Ho sempre pensato che le app realizzate per chi va in bici siano una gran bella cosa. Le possibilità di esplorare e conoscere nuovi posti e/o nuovi percorsi, anche dietro casa, sembrano praticamente infinite e a portata di mano. 
Con milioni di itinerari nel mondo è sufficiente avere un minimo di dimestichezza con lo smartphone per scaricare (o caricare) una traccia GPS senza essere degli esperti. 

Solo che in questa meravigliosa semplicità e immediatezza si possono nascondere anche dei problemi. 

Sfruttando la funzione “Esplora” di Komoot, di cui vi abbiamo raccontato le potenzialità in questo articolo, ho deciso la scorsa settimana di andare alla ricerca di qualche nuovo sentiero vicino a casa. 
Qualcosa da sfruttare quando i miei percorsi preferiti per i test delle bici si inzuppano di acqua come in questo periodo dell’anno. 

Ho trovato un itinerario a margherita attorno ad un borgo a una decina di chilometri da casa che decido di raggiungere in auto. 
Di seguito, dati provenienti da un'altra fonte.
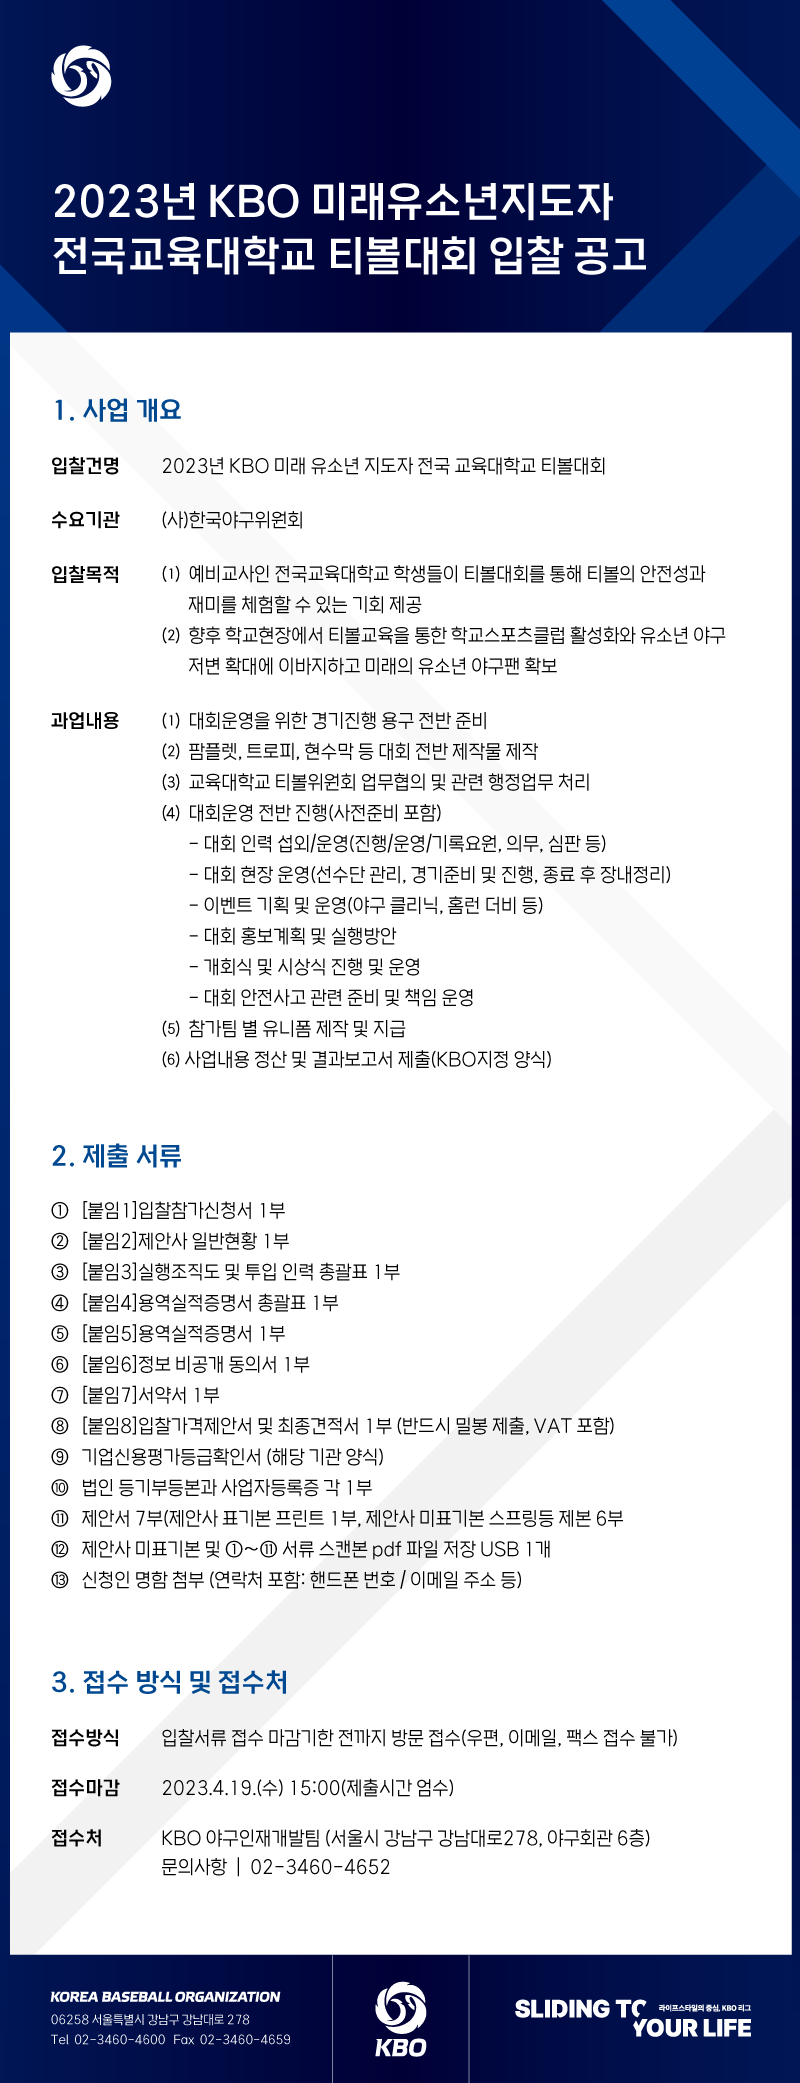 notice/images/2023/4/티볼대회-입찰-공고.png

Prevedo infatti che il percorso metterà alla prova la batteria da 540 Wh della Lapierre e-Zesty AM 9.4 che sto testando e di cui vi parlerò prossimamente e decido di risparmiarle il trasferimento.
Senza contare che non conoscendo il tracciato mi aspetto di incappare in qualche svolta sbagliata.
Inoltre, non fidandomi troppo delle descrizioni su caratteristiche e difficoltà (non sempre oggettive) non sono in grado di prevedere con buona approssimazione il consumo di batteria. 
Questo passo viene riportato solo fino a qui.